On the “Official Mike Krzyzewski Web Site,” Coach K is described as a coach, friend, leader, mentor, motivator, student and teacher. One of my favorite quotes from Coach K is, “A leader may be the most knowledgeable person in the world, but if the players on his team cannot translate that knowledge into action, it means nothing.” This quote, to me, is the very heart of coaching and teaching. My job, as a coach, is to figure out how to create an environment conducive for learning, fun and growth in a secure atmosphere, while continuing to stay current with trends in my sport.
I have developed somewhat divergent philosophies for practice and actual game situations. Practice involves preparation for game situations, and can include skill development, fun activities, team building, “chalk talk”, and other teaching methods that involve knowing learning styles, personality traits, and motivational triggers.
Game situations require more coaching than teaching, along with many forms of psychology. I personally am very interested in how people learn, so I implement a coaching style where I ask a variety of questions that require feedback from the student. This enables them to recognize that I am very curious about what they think.

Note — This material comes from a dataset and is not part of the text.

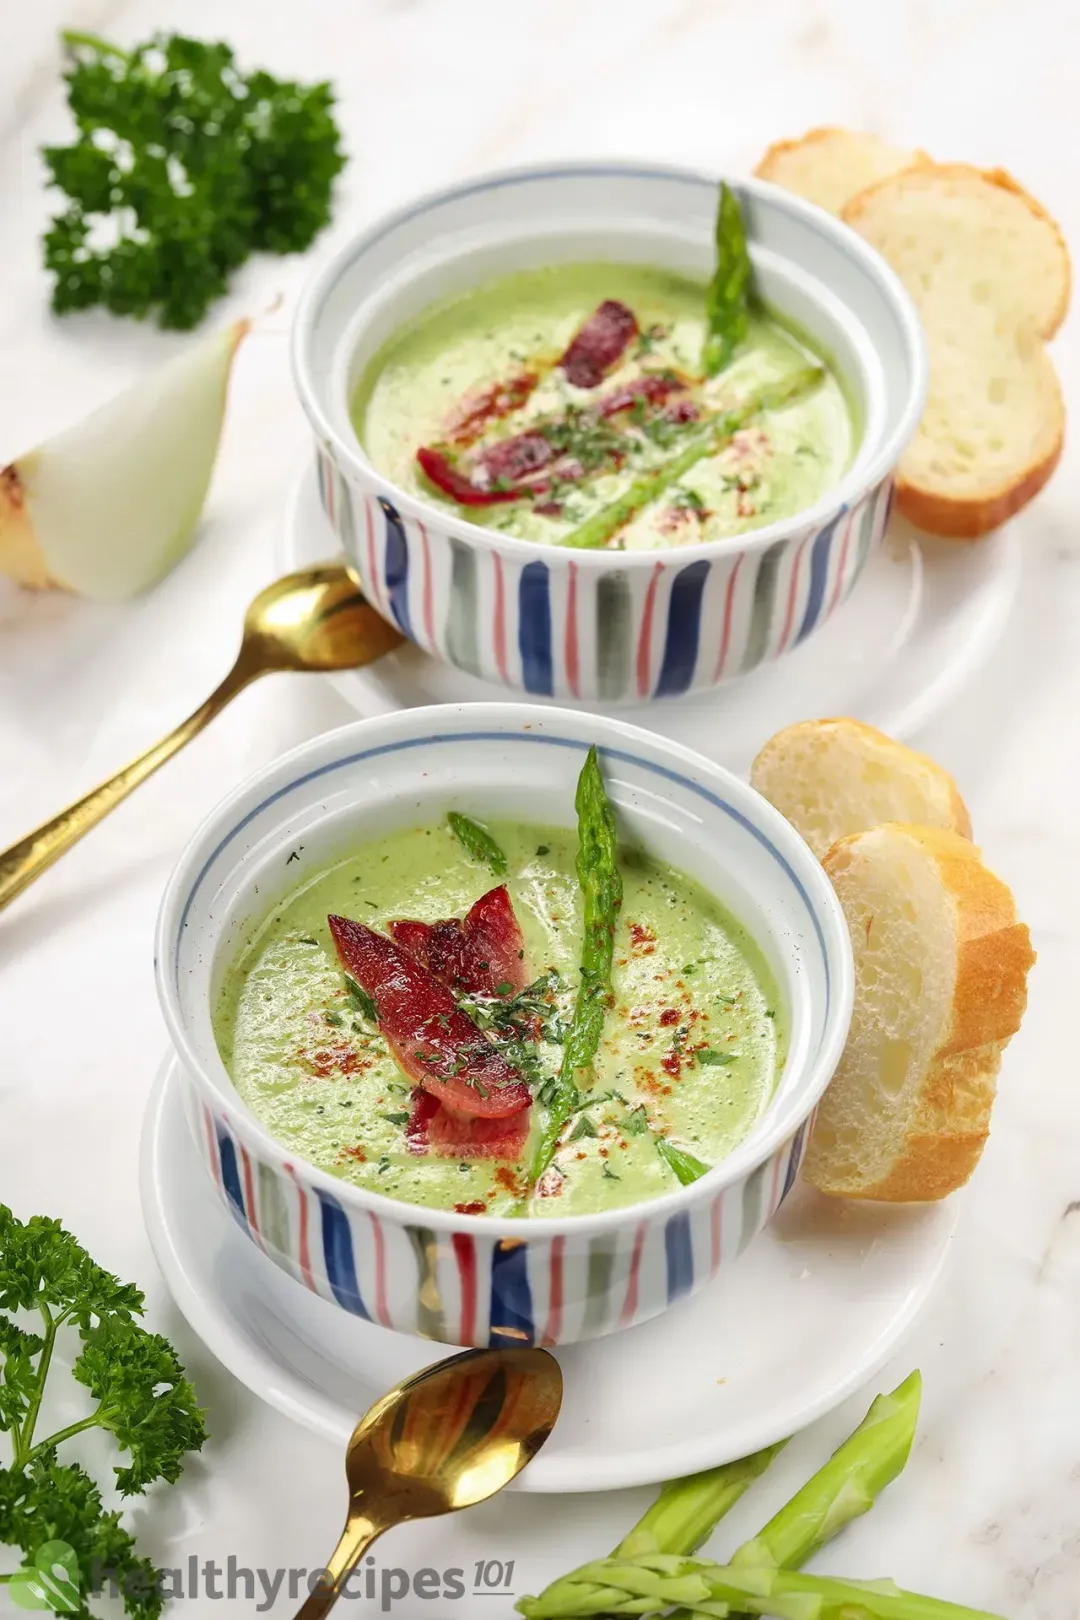 How to Prepare Asparagus for asparagus soup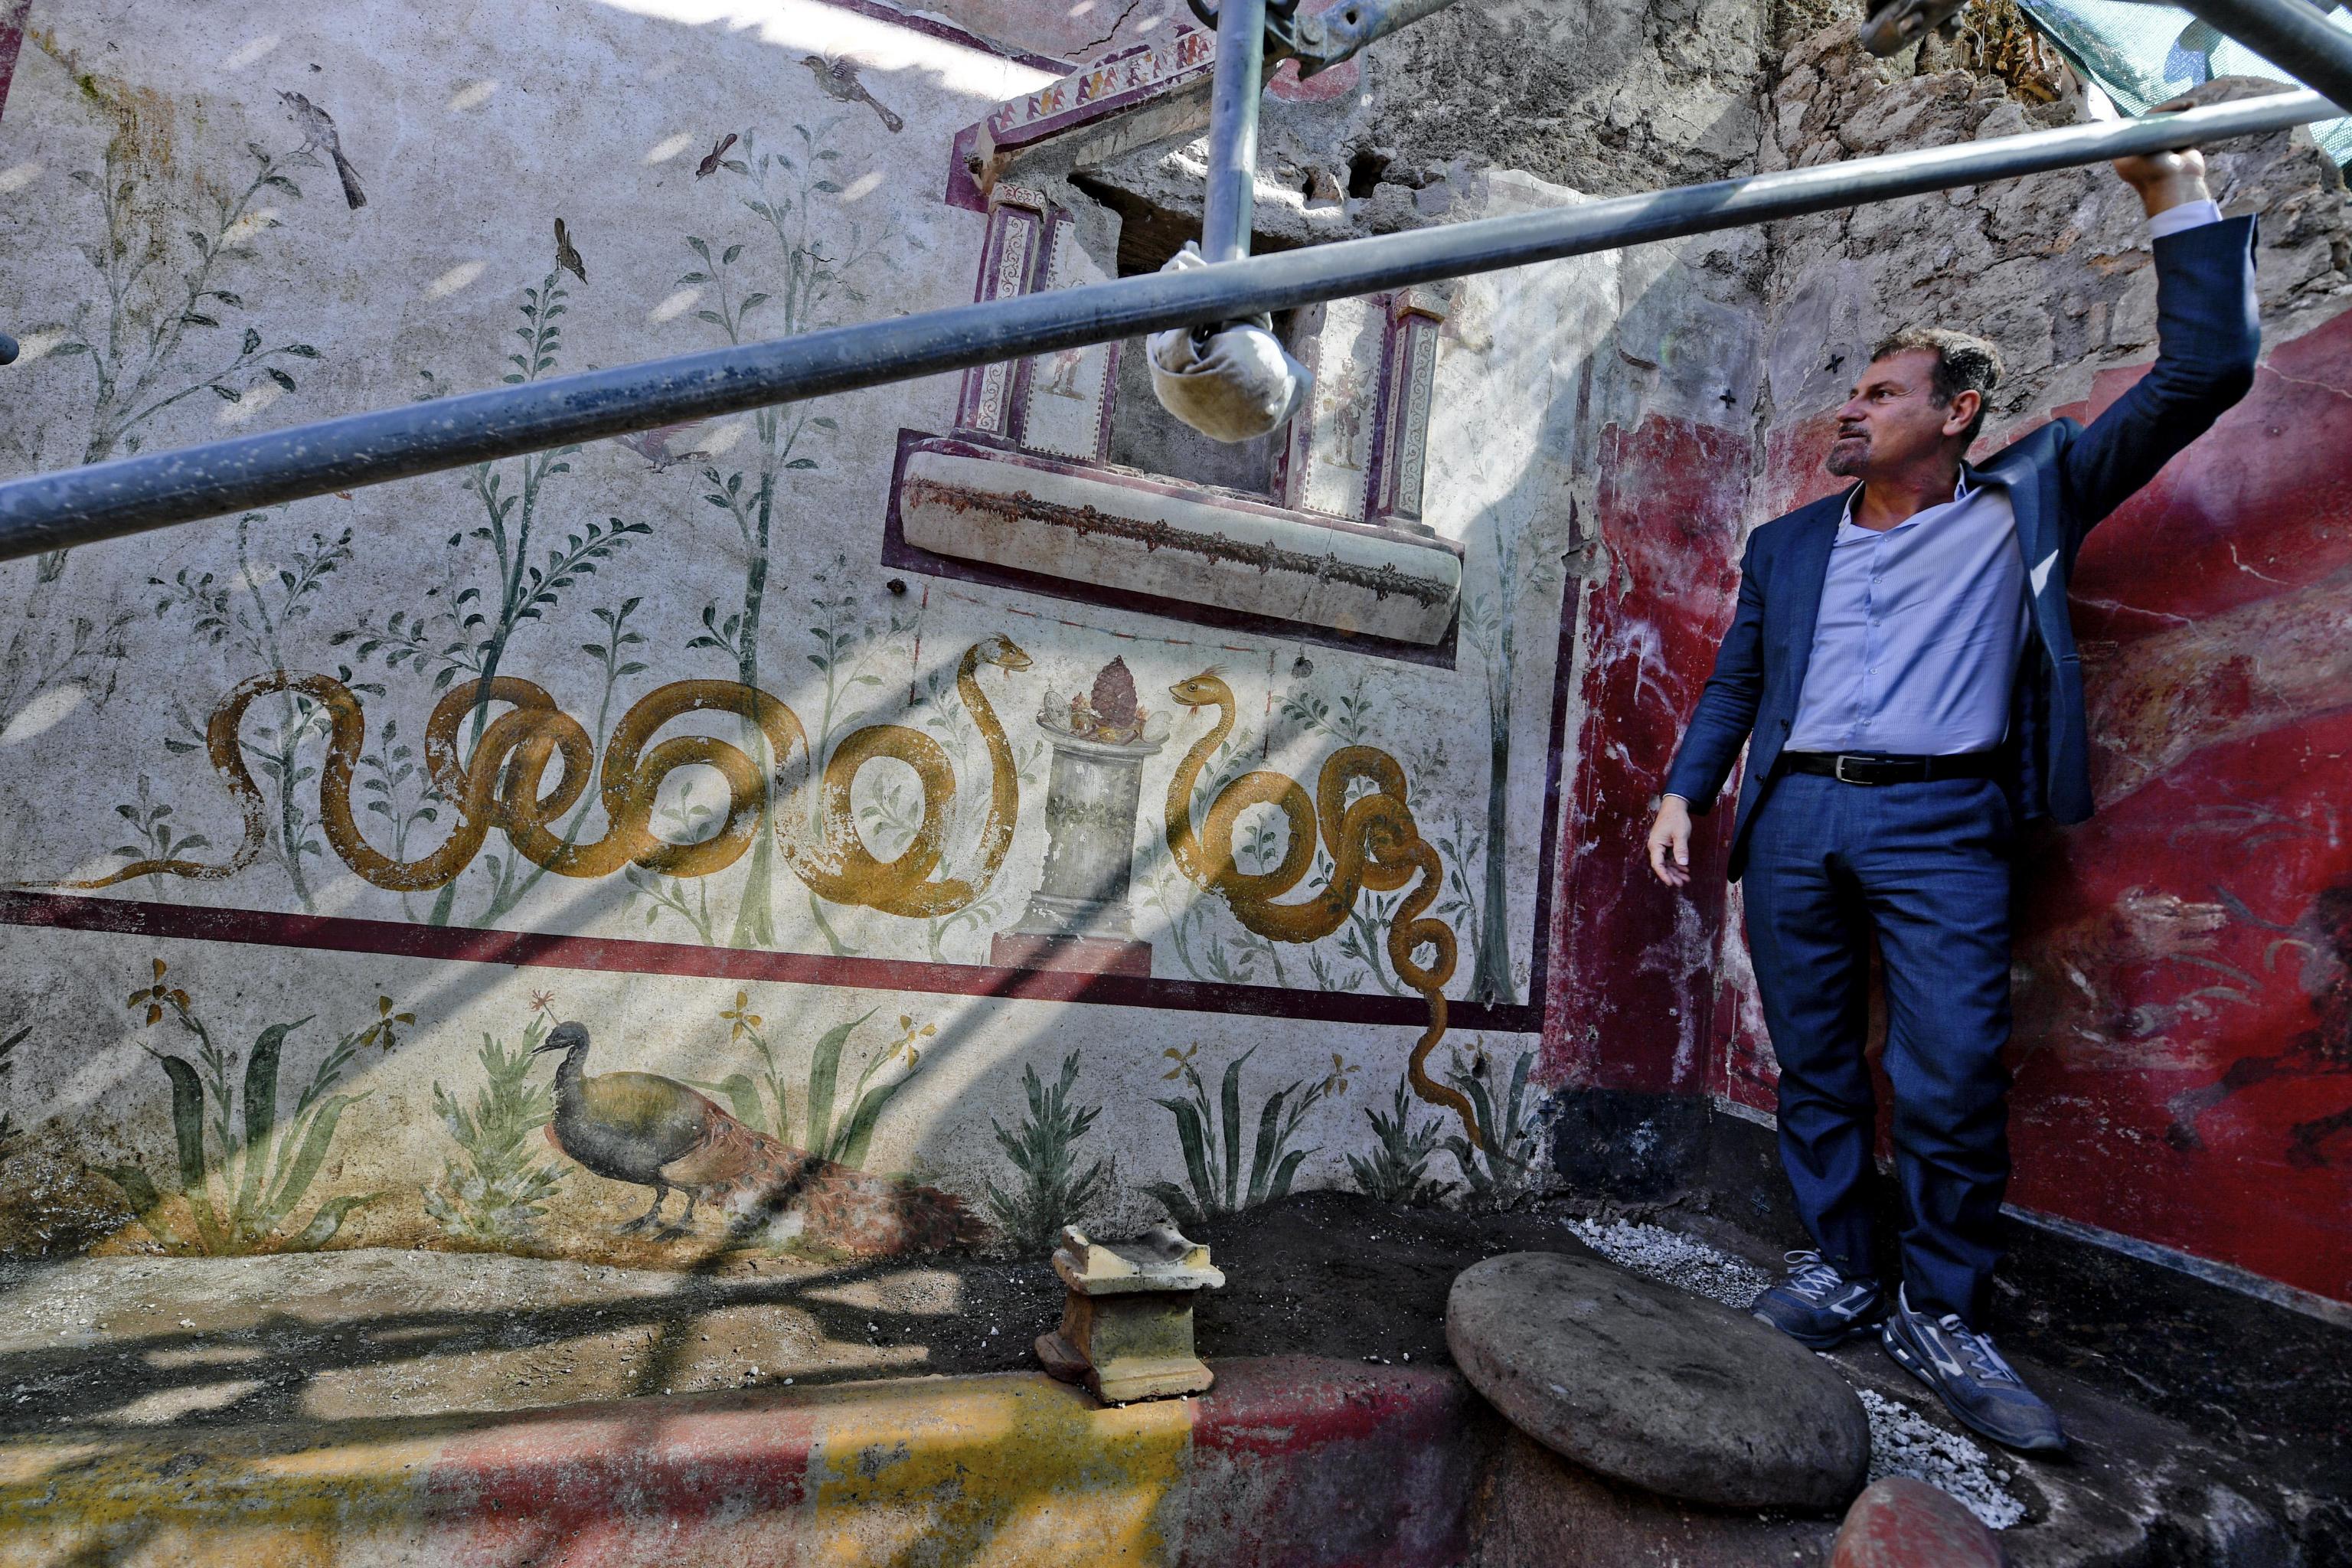 Il direttore generale del Parco archeologico di Pompei, Massimo Osanna mostra gli affreschi del Giardino Incantato

An example of a learning study that assists me in game situations is “counterfactual thinking.” The theory explains that focusing on how past decisions were made affects current decisions, which is very relevant to golf. Many times I will ask questions that the player can answer to themselves, based on past experiences. For instance, if a player had a particular hole that gave them problems the day before, I might ask the student to envision playing the hole in a desired way, then comparing those thoughts to what they did the day before.
Similar to my style of coaching individual students, I try to treat my teams according to their “personality” as well The first team I coached was full of veterans who had traditions, routines and their own ways of doing almost everything. They went about their work in a business-like manner, however, they did their job and were good at it.
On the contrary, my last two teams were polar opposites of my first. I have to work very hard at letting them know that I will be there to teach them any time they need me, but at some point they have to start thinking for themselves. I have to structure everything that I “need” them to do. They are a fun-loving bunch, and are better athletes than those on my first team. They perform better when they are allowed to have fun, as illustrated at the NCAA Championships last year. We hosted the finals and had played the golf course enough times that we were comfortable with it. We did not have to spend a lot of time on our practice round, so we ended up hitting balls, then playing whiffle ball afterwards. It was quite a scene, but it was the true personality of this team and they performed as well as the first, just in a different style.